If you are looking at it for your VERY first bike, or more accuratly, the first motorycle you have ridden, I highly suggest that you get some experience on something that you can fall on... a dirt bike.
Since you live in a small town I'd hope you could easily find a place to ride, maybe even know someone who has a low powered dirtbike to learn the basics of shifting and braking on.
I've gone through this process a few times over the 40 years I've ridden and taught friends and family to ride and what you want to do is get enough time on a low powered motorcycle that allows you concentrate on shifting up up up and braking and shifting down down down turning accelerating braking turning accelerating turning and braking and accelerating and turning. Doe this until you no longer have to think about the shifting and braking and your thoughts are revolving around the sliding that the bike is doing as you accelerate and brake at the limits of traction. You know you have reached them when you fall down.
Repeat the process until you don't fall down very often.
Repeat the entire process with a relatively powerfull dirtbike....
THEN go buy any streetbike you want to... the only thing you will worry about at that point are the nuts on the road and it is very difficult to keep an eye on them when you are a noob trying to figure out how to shift.
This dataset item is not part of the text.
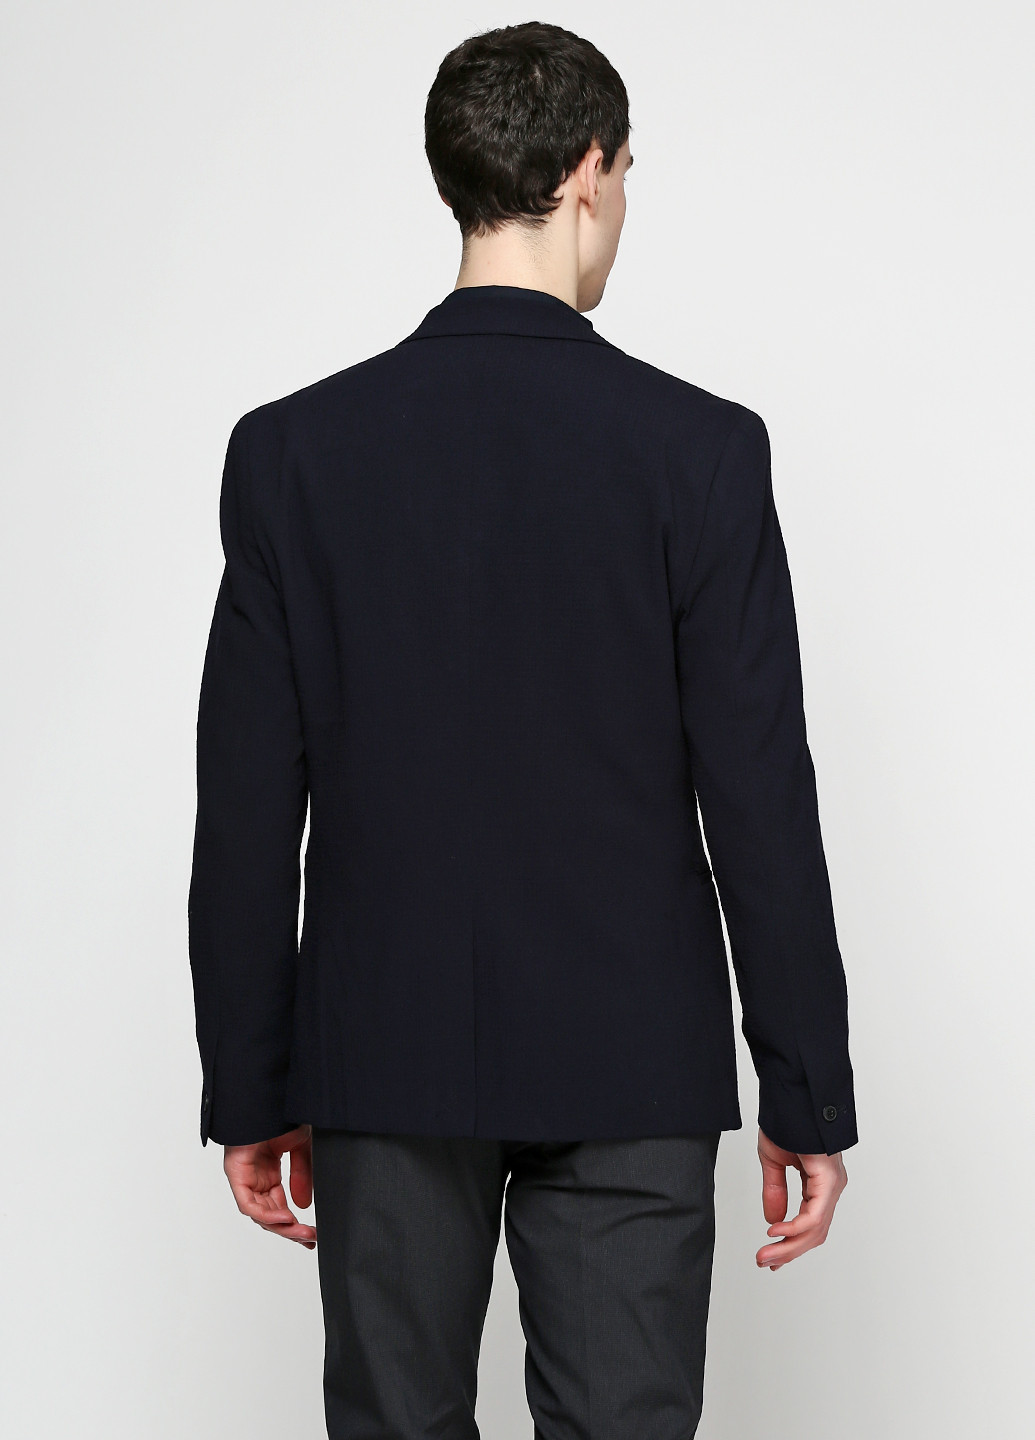 Пиджак H&M однотонный тёмно-синий деловой полиэстер

If you did this for 5-6 hours a day a normally talented young man can move through each stage over a few weekends.
You will also learn something that is VERY difficult to learn on the street but will eventually come in extremely valuable.... how to slide... it is a normal process in the dirt but normally only done on the street during the "Oh No" moments. Dirtbikes are also tall and you will develop a confidence of handling a bike while just one foot is planted... that's all you need if you know how to ride....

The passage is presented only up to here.